Growth continues but nerves linger. Global GDP is seen expanding 3.1 per cent. Conflicts have jumped from the fifth to the second biggest global worry, up 9 per cent year on year; political instability ranks seventh. In America, 42 per cent say finances have improved or stabilised and the financially insecure share has fallen to 17 per cent. Only 8.5 per cent say they are “much worse” off than a year ago. Still, nearly half of households have nothing left after essentials. Seventy-eight per cent plan to boost emergency savings, 60 per cent seek extra income and 36 per cent aim to clear credit-card debt. Yet 36 per cent are willing to take short-term debt for pleasure, a nod to “Treatonomics”. Meanwhile, 77 per cent in North America expect unemployment to rise.
Age holds the money. Over-65s control 50 per cent of American household wealth. Gen Z is the richest young cohort yet: the average 25-year-old Gen Z household earns $40,000, but its spending is rising twice as fast as predecessors.
In the aisles, trust and value rule. Tariffs have pushed U.S. import prices 5.4 per cent above trend. The average American FMCG basket is $36, up 4 per cent. Sixty-two per cent cite trust as the decisive brand factor, versus 56 per cent in 2024; 75 per cent want brands to respond faster. Physical retail still delivers 77 per cent of FMCG sales. Households make 294 store visits a year, spend $8,222 in-store and $2,737 online. Food and beverage leads budgets at $7,127 a year.
Consumers still trade down: 79 per cent globally do so, often cutting basics to fund treats. Thirty-two per cent switch to cheaper brands. Thirty per cent buy private label; U.S. private labels are growing 5.5 per cent versus 6 per cent for national brands. Speed increasingly trumps price: food delivery’s share of foodservice spend has leapt from 9 per cent in 2019 to 21 per cent in 2024. More than half of U.S. households now seek financial advice, the highest since 2008, and 44 per cent turn to social media for it.
Authenticity is fraying. Over half of consumers question online content because of AI. Seventy-six per cent struggle to tell real from synthetic images; a third have faced deepfakes or AI fraud. Real-world contact is regaining allure: 42 per cent say physical events are the week’s highlight versus 15 per cent for digital; 79 per cent of Gen Z prefer in-person dating. Sixty-eight per cent stress self-reliance in health and finance. While 64 per cent like personalisation, 32 per cent are uneasy about data use. Seventy per cent track health via apps or wearables.

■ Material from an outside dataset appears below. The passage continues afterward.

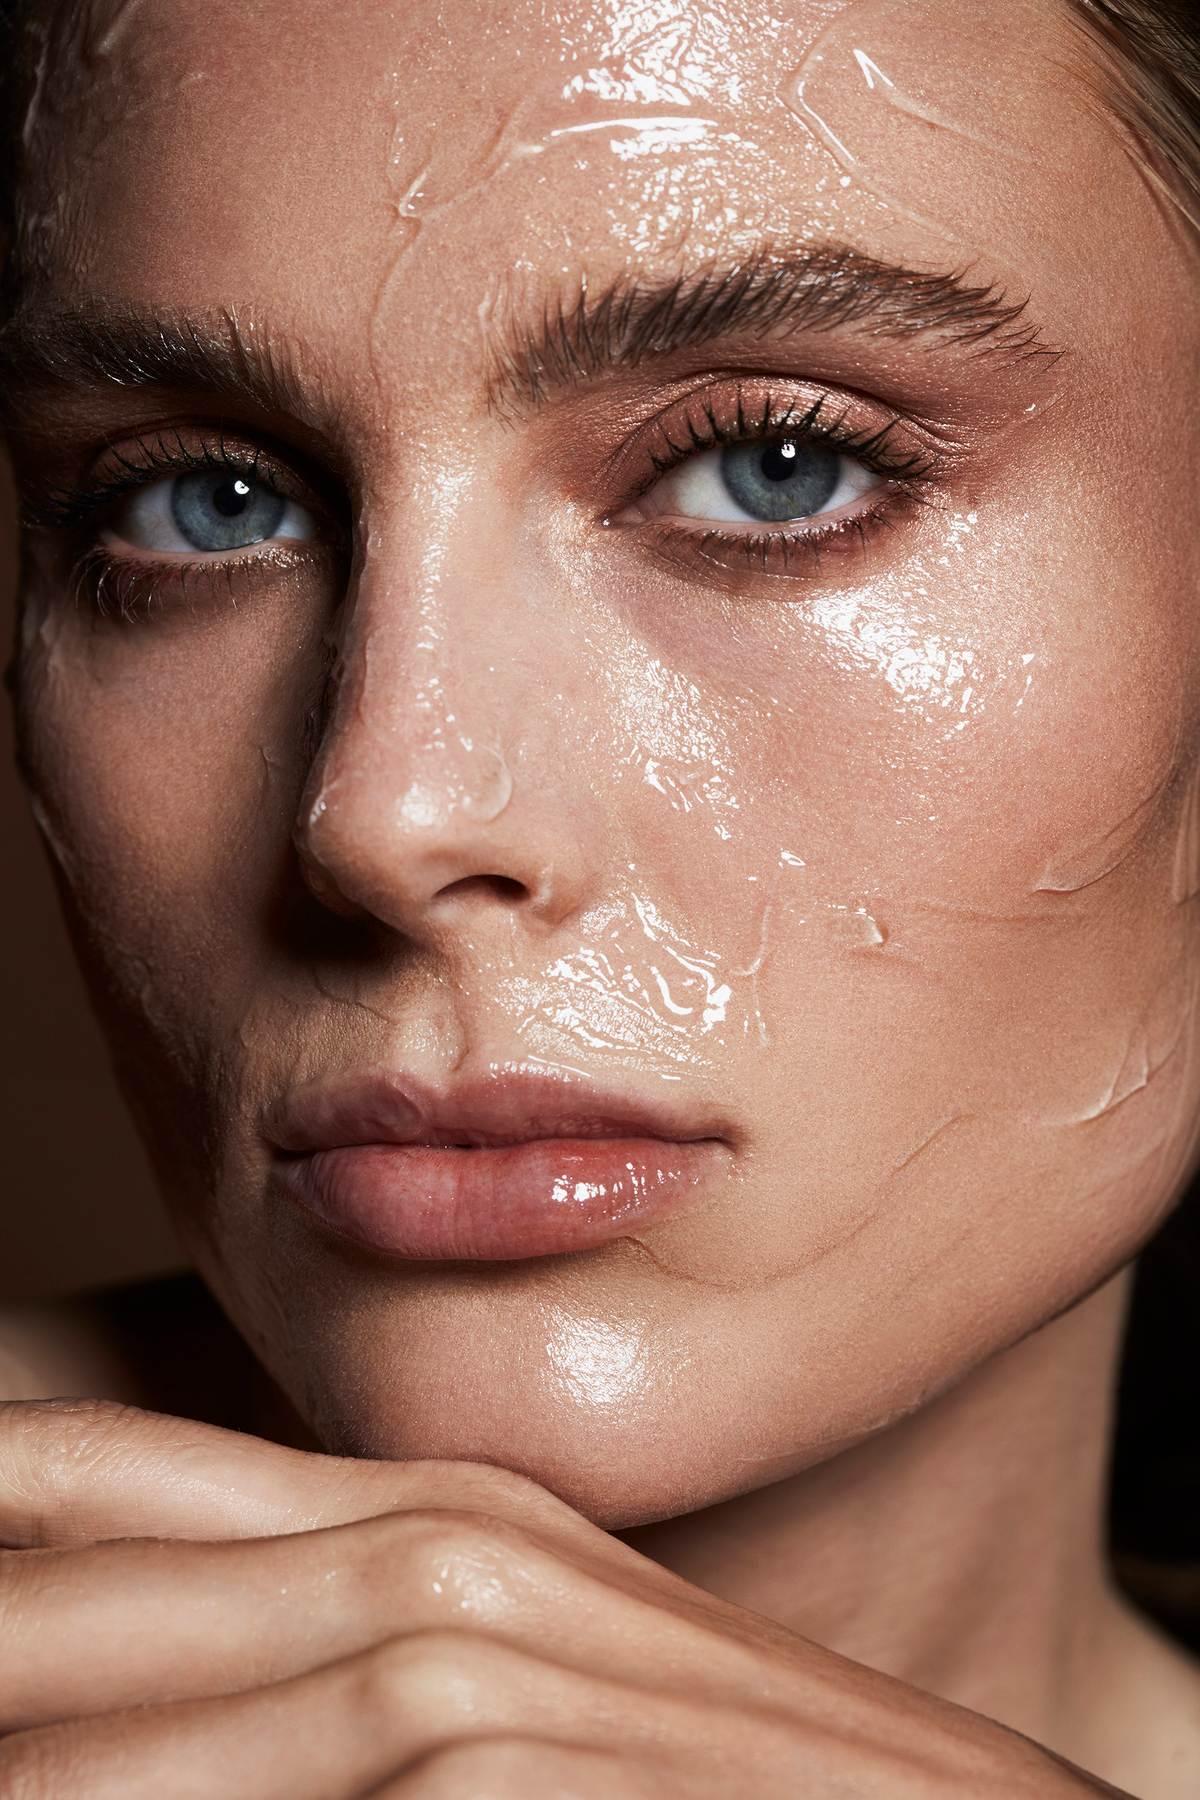 hydration_mask_face_beauty_clean_nomakeup_los_angeles_DT_LB_maggie384_v2.jpg

Discovery is social and omnichannel. Half of adults find brands via social platforms; Instagram leads research. Sixty-three per cent of Gen Z say social ads drive purchases. The average buyer uses 3.6 channels to buy food. People have three extra free hours a week, but spend 90 per cent of it alone. Daily time online averages six hours and 38 minutes. Fifty-five per cent prefer fast solutions and lean on “collective intelligence” online, even for health and money. Social commerce keeps rising, though Western markets fret about payments.
Media habits are splitting by age. Gen Z spends 50 more minutes on social media and 44 fewer minutes on TV and film than the average consumer. Subscription fatigue is biting: four streaming services now cost $69 a month, up 13 per cent. Nearly half feel they overpay; 39 per cent cancelled at least one service in six months, over half among young cohorts. Cable penetration has slid from 63 per cent to 49 per cent in three years. Yet linear TV still claims 57 per cent of viewing time, anchored by older audiences, news and sport.
Search remains the top discovery channel at 32.8 per cent, but among 16–34s social ads lead. YouTube dominates time spent, TikTok leads engagement at roughly 35 hours a month per Android user. Facebook still counts 2.3bn users but with falling engagement; Instagram beats TikTok in ad reach. Social ads and reviews sway 63 per cent of Gen Z and 49 per cent of Millennials; streaming ads far less. Half of young users feel closer to creators than TV celebrities. Social media is deemed least trustworthy, yet 29 per cent still buy from it. As platforms hoard attention, news outlets lose revenue and rely more on algorithms, a risk to quality.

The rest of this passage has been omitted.